Though mono-axis composition is common in Italian Renaissance gardens, the Dubrovnik gardens are an exception. This architectural composition axis includes the villa and the pavilion (belvedere/ gloriette), and the aqueduct with the fountain and the cave.
During the late Renaissance, in the second half of the 16th century, the garden was extended inside the laurel grove and became one of the places of intellectual life in Dubrovnik.
The Baroque period in Dubrovnik began after the great earthquake of 1667 and lasted until the end of the 18th century. The longitudinal axis is now emphasized and becomes the main theme of the baroque composition of the garden and the estate. The garden is widened by rectangular walking paths with boxwood (Buxus sempervirens L.) edges and bosquets within the field, and in 1736 a baroque fountain with sculptures in front of the cave was erected.
The garden was restored in the Romantic-historicist spirit in the second half of the 19th century, which primarily led to the planting of new domestic, but also imported (foreign) plant species – exotic plants and cultivars. Since then, the garden began to increasingly resemble a dendrological collection.
In 1905, in the western part of the estate, a new garden began to be arranged on the locality known as Drvarica on the basis of the old olive grove to the one part, and of natural macchia and garrigue vegetation to the other. Exotic and autochthonous flora were planted.
The layout follows historicist and late-Romantic models with numerous stone elements – terraces, belvederes, and stone staircases – sloping to the sea rocks. This part of the Arboretum was destroyed by fire on two occasions – in 1992 and in 2000.
After having been proclaimed an Arboretum in 1948, one part of the area and the facilities were opened to the public, whilst the other part was used for research work and regular maintenance. The first restoration was conducted in 1965, and the second in the 1980s, when four decorative parterre gardens (formal gardens) were rearranged.
Historic olive groves
On the land estate in Trsteno, olives have been planted since the 16th century, but as few individual trees. Gučetić family bought olive oil for eating and as fuel for light. The first record found so far about the oil obtained, and the serfs who grew olives in Trsteno, dates from 1717. During the 18th century, olive groves were intensively expanded and olives became the dominant crop. The extent to which olive groves were enlarged at that time is shown by a record from 1735, when Gučetić planted 1,200 young olive trees in Trsteno in May.

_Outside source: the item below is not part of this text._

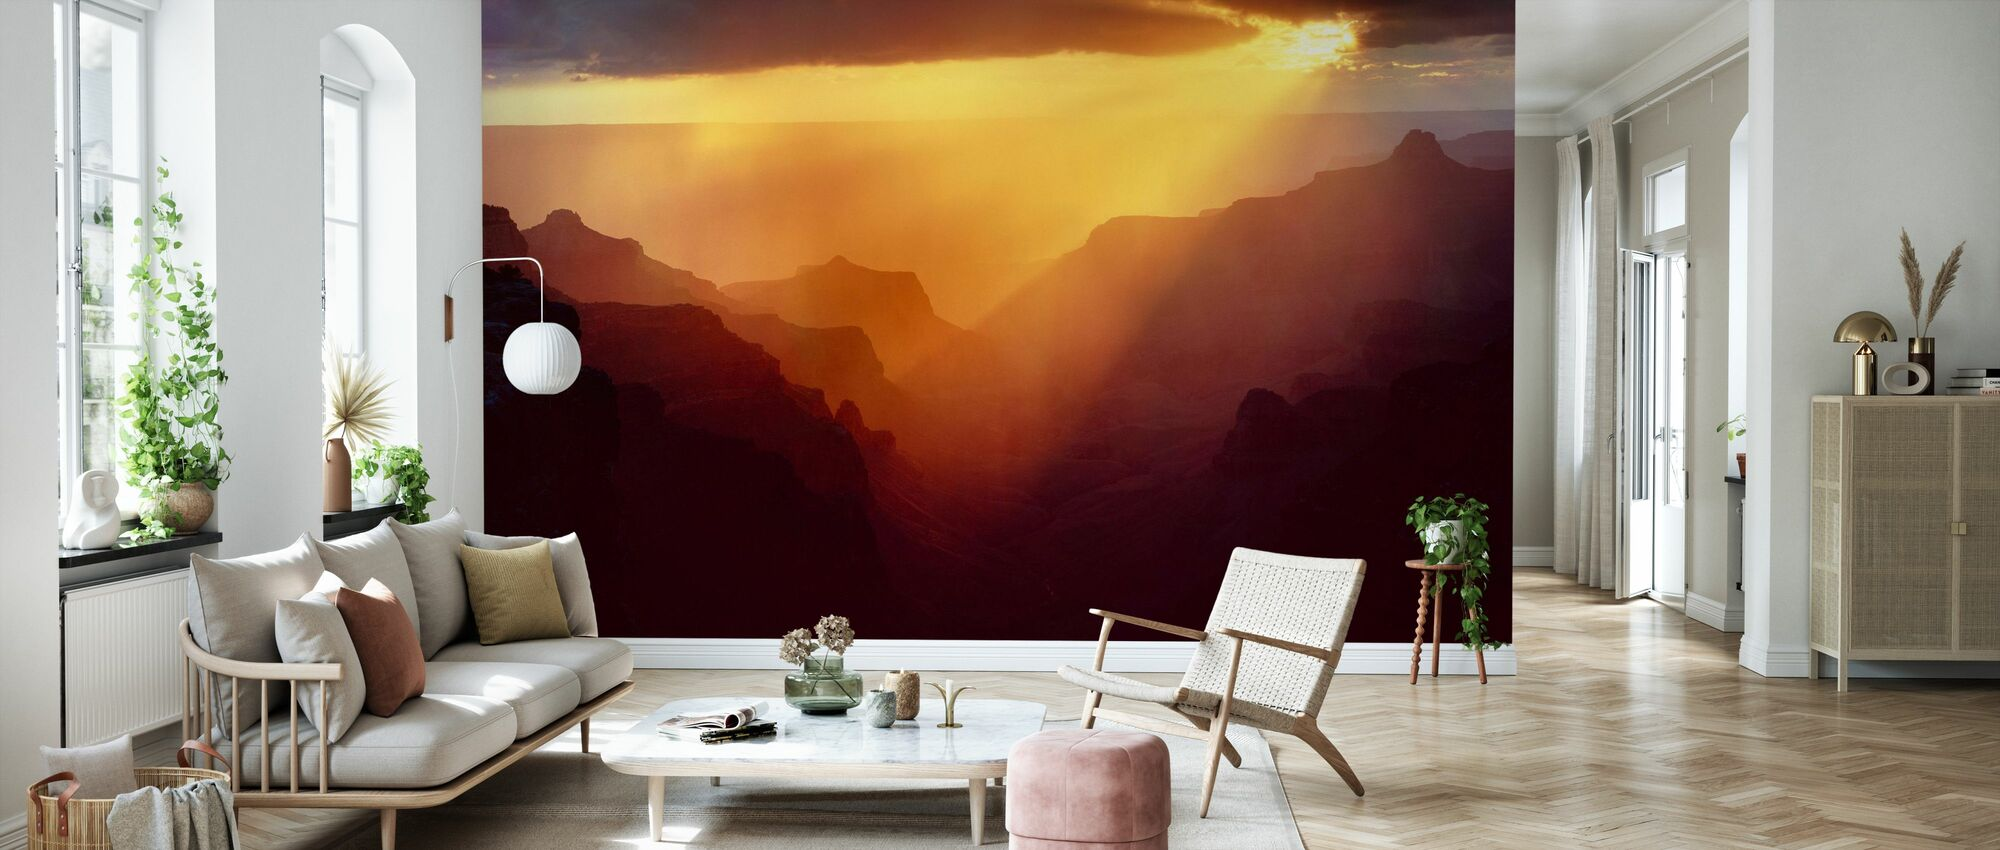 Canyon Ridges Sunset - Wallpaper - Living Room

During the first half of the 19th century, Gučetić’s estate reached its maximum capacity and continued to be cultivated by the largest recorded number of serfs to be deployed on that land. The lands were planted mostly with olives and vines. In Trsteno, 1,500 olive trees were grown privately and 5,900 olive trees were grown in the fields given to the serfs for cultivation. At that time, olives and vines were the basic crops in Dubrovnik and proved to be the only crop productive enough for export. The increase in olive growing on the property was accompanied by the need for increased processing and additional outbuildings were being built. In addition to the old mill with one stone mill and one oak press, another with two mills and two presses are being arranged, and a new olive warehouse is being built opposite them. Already, during and after the First World War, remote olive groves began to be in s a state of neglect, in which natural vegetation rapidly dominated.
After the Second World War, when the rest of Gučetić’s land estate was declared an Arboretum, protected by law and handed over to the Croatian Academy of Sciences and Arts, the existing olive groves continue to be cultivated and used.
Restoration of historic olive groves
In the great summer fire of 2000, when two thirds of the entire area of the Arboretum burned down, a small area of the old olive grove was preserved. In 2002, this surviving part became the core of the restoration of the historic olive grove. In the preserved part, 7 old olive varieties were catalogued, out of the 15 recorded for the Dubrovnik littoral. Old trees were restored by pruning and fertilizing, and burned by thinning shoots and growing young trees. In parallel with the grafting and cultivation of seedlings, the remaining old varieties of the Dubrovnik littoral were introduced.
Since 2005 the renovated olive grove ( 15,370 m2) brings fruit and characteristically high quality oil. About 200 olive trees are grown in this area, which includes 15 varieties: Oblica, Mezanica, Bjelica, Uljarica, Mrčakinja, Dužica, Jeruzalemka, Kosmača, Zuzorka, Grozdača, Velika Lastovka, Piculja, Murgulja, Žabarka and Želuldarica.
The natural regeneration of vegetation on the burned areas of the Arboretum, which before the fire were mostly under the forest of Aleppo pine and cypress, support surprisingly large numbers of restored olives. This clearly demonstrates that the entire area, except the narrower coastal belt, was terraced and cultivated as an olive grove, which was undoubtedly mixed with a culture of carob, almonds and figs.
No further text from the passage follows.